Practical Christianity

Pick the word from the list that doesn’t belong:

mathematics      auto repair         socialism          Christianity

Most people, I think, would pick auto repair. It’s easy to understand why. They think of the other three as groups of ideas that involve the mind. Auto repair is different; it takes intelligence but also a skilled pair of hands. I think that many people might see auto repair as operating on a different level from the other three things. It’s more down to earth, less theoretical and more practical.

The interesting  thing about the little test above isn’t what   it reveals about how people think of auto repair. What’s interesting is what it shows about how people think of Christianity. They tend to think it’s mainly a matter of the mind. It’s about words and ideas, not things. So for many it’s in the same category as a discipline like mathematics or a philosophy like socialism. For some it’s just another subject on the long list of religious “isms” in the world. Sadly, that means that people think of Christianity as something more theoretical than practical. To them it’s something far removed from the everyday world. It may be handy at a few crucial moments in life, but it can safely be ignored the rest of the time. People seem to get along fine without it.

Christianity is all about such simple, humble things as eating bread and drinking wine.

It’s almost as if the Lord Jesus foresaw all this. Before his death, he instituted something that removes Christianity completely from the list of religious “isms” in the world and makes it far more than another set of ideas. Something, in other words, that makes Christianity less like mathematics and more like auto repair.

Before his death, Jesus took bread, broke it, gave it to   his disciples, and said, “Take; eat. This is my body, which is given for you.” Then he took a cup of wine, gave it to them, and said, “Take; drink. This is my blood, shed for you for the forgiveness of your sins. Do this in remembrance of me.”

In the Lord’s Supper, Jesus is not some vague, abstract idea. He comes “in, with, and under” the bread and wine. The disciples of Jesus take bread and eat it together. They take wine and drink it together. When they do, Jesus gives them his body and blood—and with them, the forgiveness  of all their sins.

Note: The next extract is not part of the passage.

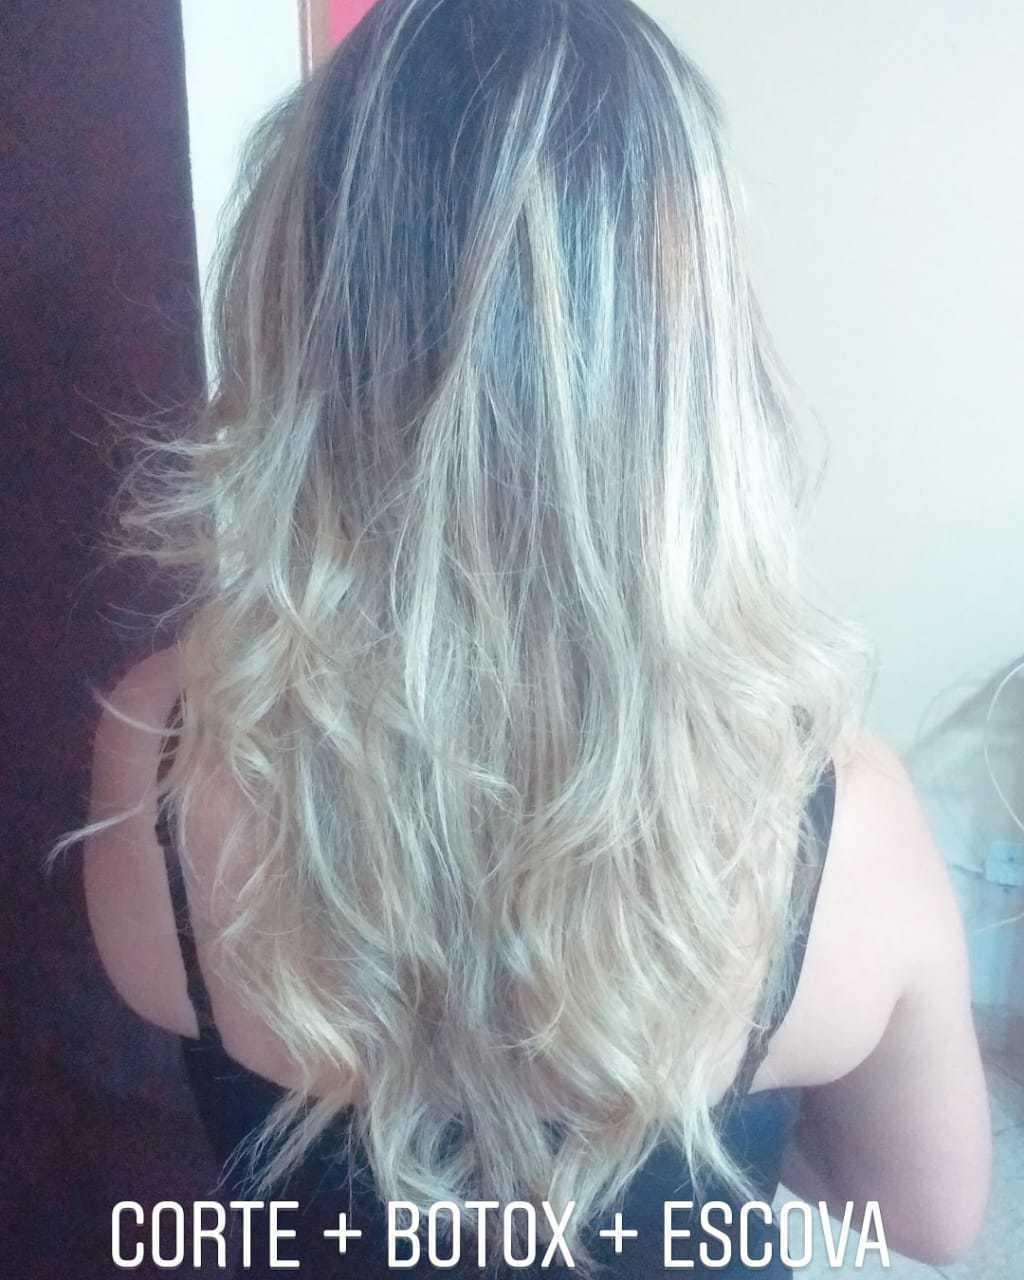 #hair #cabelo #loira #corte #morena #ombrehair  cabelo auxiliar cabeleireiro(a) maquiador(a) cabeleireiro(a)

Through the simple, down-to-earth, physical act of eating bread and drinking wine, Jesus gives his followers the forgiveness of sins, life, and salvation— blessings that constitute the heart of the gospel.

You see, Christianity is all about such simple, humble things as eating bread and drinking wine. Christianity does not belong only to the world of words and ideas but also      to the world of things. In our everyday world of words and “isms,” Jesus has given us something practical to help us cling to his promises.